It’s no secret many athletes make boat loads of money.
Despite being held to such high esteem by fans and casual lookers-on alike, they’re not immune to some of the financial troubles the rest of us normal folk go through.
Sure some of these blunders may have been honest mistakes, but others are more of the “I’ve clearly run out of ways to spend my money” variety.
How about some inflatable rafts to protect your furniture during a flood? Sounds like a great idea, no?
Boxer Evander Holyfield squandered his reported $250 million lifetime earnings by purchasing things like a 54,000 square foot, 109-room home that sat on 235 acres.
Former Detroit Red Wings forward Darren McCarty declared for bankruptcy in 2006 with a debt to assets ratio of $6.2 million/$1.9 million. A shady business partner and Vegas casinos were to blame.
Hall of Fame running back Eric Dickerson lost a good chunk of change for investing with, Luigi DiFonzo, a felon who tricked people into thinking he was of Italian nobility.
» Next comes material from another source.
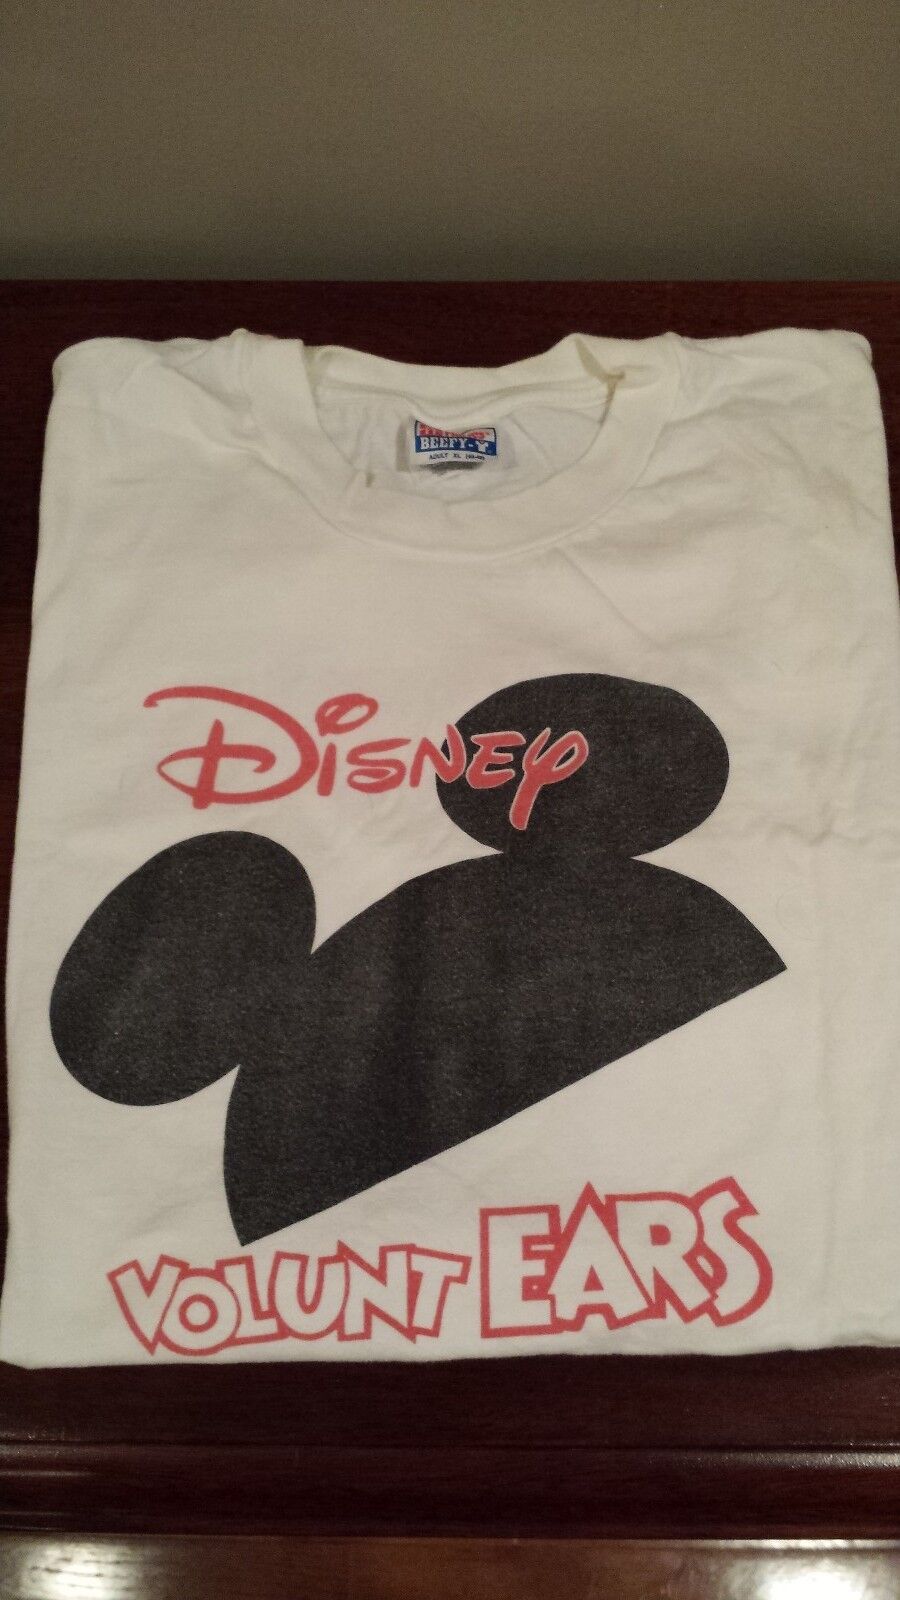 Vintage Disney Store VOLUNTEARS T-shirt - 10th Anniversary (1997) Rare XL

Former Ohio St. standout defensive back Antoine Winfield's luck ran out as soon as he hit the NFL. Winfield lost well over $1 million by letting his friend/agent take care of all of his money without ever asking what he was up to.
Legendary Denver Broncos quarterback John Elway lost $15 million in a ponzi scheme. He was one of over 60 investors who lost out on $71 million to Denver hedge fund manager Sean Mueller.
Michael Jordan's long time sidekick Scottie Pippen lost $3.5 million on a Chicago real estate deal and another $1 million on a private jet.
Los Angeles Angels All-Star OF Torii Hunter once put $70K in a company that made inflatable rafts to protect your furniture during a flood. He stopped investing after he was asked to put in another $500K.
Dog fighting convictions alone would've probably done Michael Vick in, but failed investments in an Indiana car rental company and a Georgia wine shop, among others, translated into filing for Chapter 11.
One of the best NFL receivers of all-time lost $50,000 in a fake shoe company investment. Art Monk was fooled by his friend and teammate Terry Orr, who used the money to pay off his personal debts.
Terrell Owens, along with a bunch of other NFL players saw no returns on their investment in an Alabama electronic bingo operation. T.O. lost $2 million, alone.